Nel quadro dell’Accordo di Parigi, la Svizzera si è impegnata a ridurre entro il 2030 le proprie emissioni di gas serra di almeno il 50 per cento rispetto ai livelli del 1990. In tale contesto, la Svizzera prevede di realizzare una parte, per il momento non ancora definita, delle riduzioni necessarie mediante l’utilizzo all’estero degli approcci collaborativi definiti all’articolo 6 della Convenzione di Parigi.

La Svizzera può computare ai fini del suo obiettivo di emissioni la prestazione di riduttazione fornita nel paese partner senza doppi conteggi, poiché ai sensi dell’accordo bilaterale sul clima il paese partner deve contabilizzare la riduzione nel proprio bilancio dei gas a effetto serra come emissioni (il cosiddetto «corresponding adjustment»).

Accordi bilaterali per il clima

Gli 11 accordi bilaterali sul clima sottoscritti dalla Svizzera (aggiornati a novembre 2023) si contraddistinguono per un’architettura agile che, con un minimo di direttive e disposizioni procedurali, concede agli Stati contraenti la prerogativa nell’attuazione delle regolamentazioni nazionali. Di conseguenza non viene istituito alcun organo decisionale congiunto.

L’autorizzazione di attività ai sensi dell’articolo 6,2 della Convenzione di Parigi e il trasferimento di riduzioni delle emissioni necessitano sempre dell’approvazione da parte delle autorità competenti di entrambi i Paesi ai sensi del diritto nazionale. Gli accordi garantiscono in particolare l’integrità ambientale delle attività di protezione del clima sostenute, escludendo doppi conteggi delle riduzioni delle emissioni. Garantiscono inoltre che le attività di protezione del clima forniscano un contributo allo sviluppo sostenibile e siano rispettati i diritti umani.

Legge svizzera sul CO₂

Attualmente la legge sul CO₂ per la riduzione delle emissioni di gas serra, in vigore dal 2000, formula solo obiettivi di protezione del clima fino al 2024. Dopo il rifiuto della revisione totale della legge sul CO₂ nella votazione popolare del 13 giugno 2021, nel settembre 2022 il Consiglio federale ha avviato una revisione ridotta per prorogare fino al 2030 gli impegni assunti nell’ambito dell’Accordo di Parigi per la protezione del clima. La questione è attualmente all’esame del Parlamento. La legge sul CO₂ per gli anni successivi al 2024 entrerà in vigore nel 2025.

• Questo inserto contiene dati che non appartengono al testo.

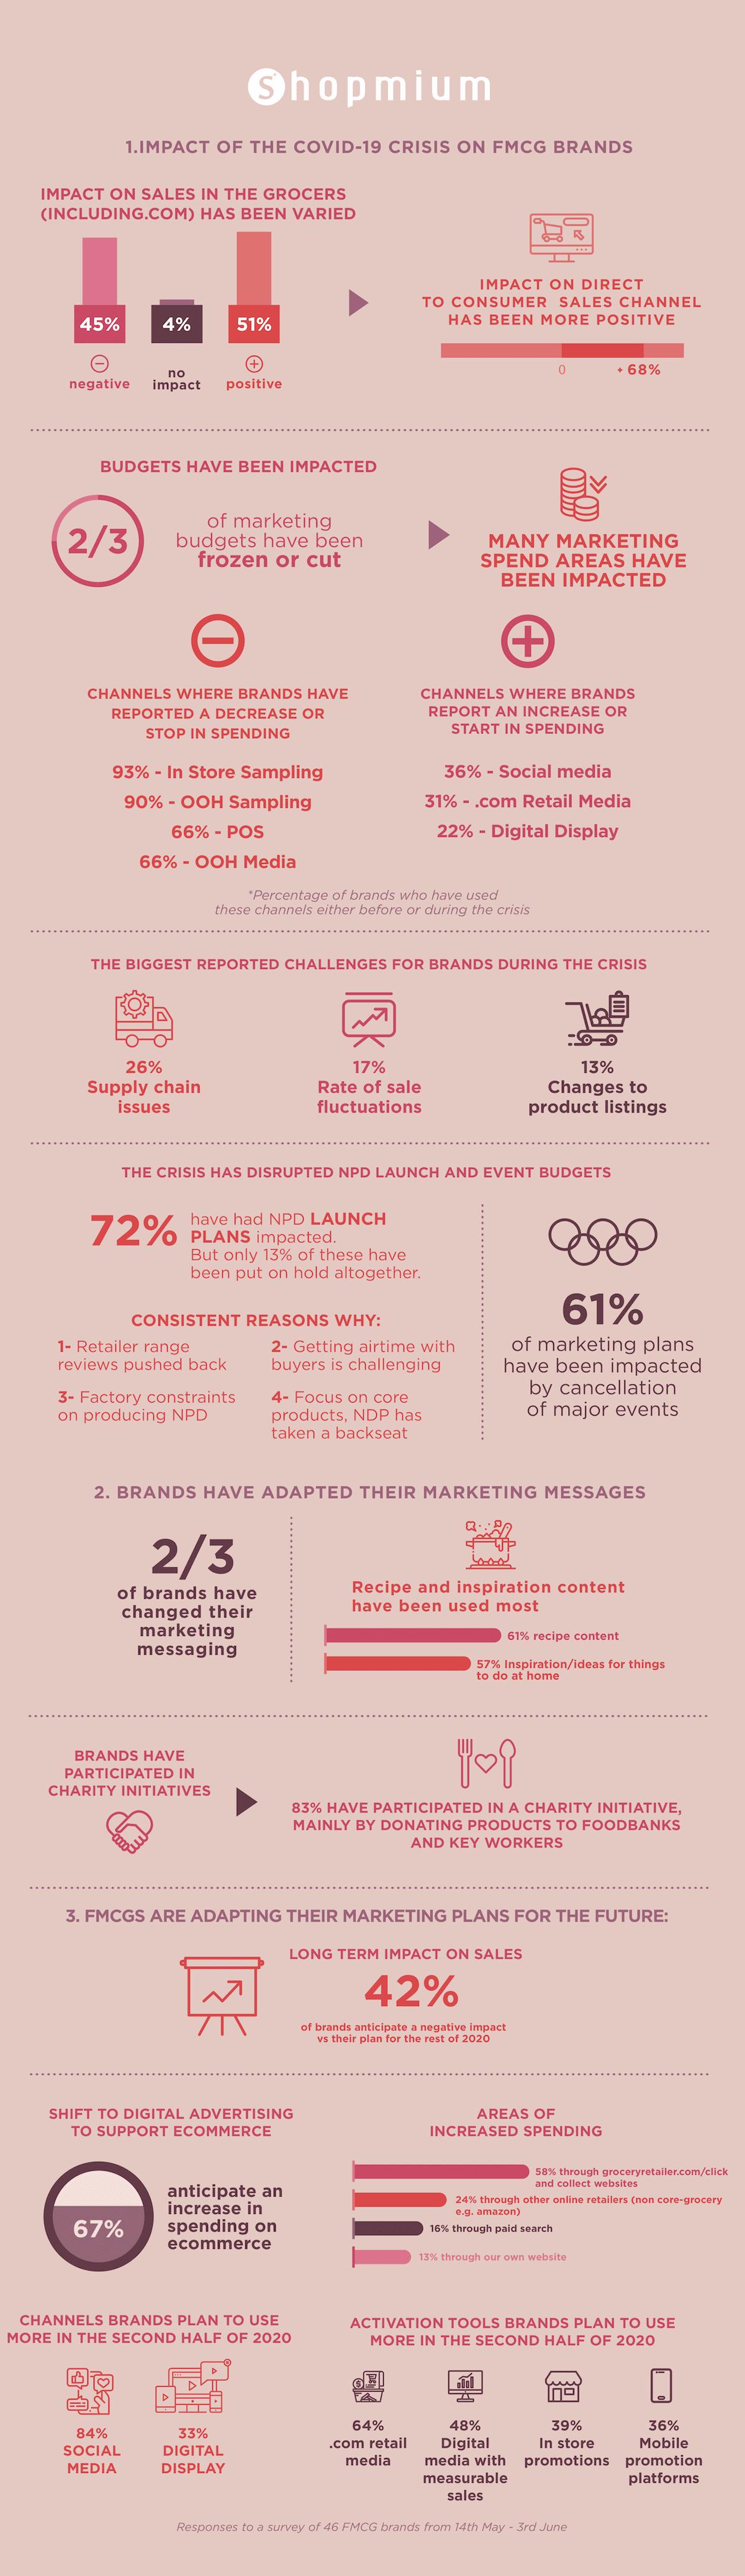 UK FMCG brands survey infographic

Sono previsti il proseguimento e l’estensione dell’obbligo di compensazione per i carburanti. Si prevede l’impegno a compensare il 15% delle emissioni di CO₂ dovute ai trasporti con attività per la protezione del clima in Svizzera, nonché l’obbligo di ridurre almeno 20 milioni di tonnellate di CO₂e entro il 2030 attraverso attività di protezione del clima nei Paesi partner della Svizzera con un accordo bilaterale sul clima.

Nell’ambito degli accordi bilaterali sul clima, vengono certificate le riduzioni delle emissioni risultanti da un’attività di protezione del clima nel Paese partner autorizzata da entrambi i Paesi. I certificati validi ai sensi dell’articolo 6,2 della Convenzione di Parigi come prestazioni di mitigazione trasferite a livello internazionale (ITMO) sono emessi nel registro svizzero. L’accordo garantisce che i paesi non effettuino doppi conteggi delle riduzioni delle emissioni.

Ordinanza svizzera sul CO₂

L’Ordinanza svizzera sul CO₂, costantemente rivista, contiene disposizioni esecutive della Legge sul CO₂. Una comunicazione sull’esecuzione disciplina la certificazione dei progetti e programmi per la riduzione delle emissioni e l’aumento del pozzo di carbonio ammessi per la compensazione dei carburanti.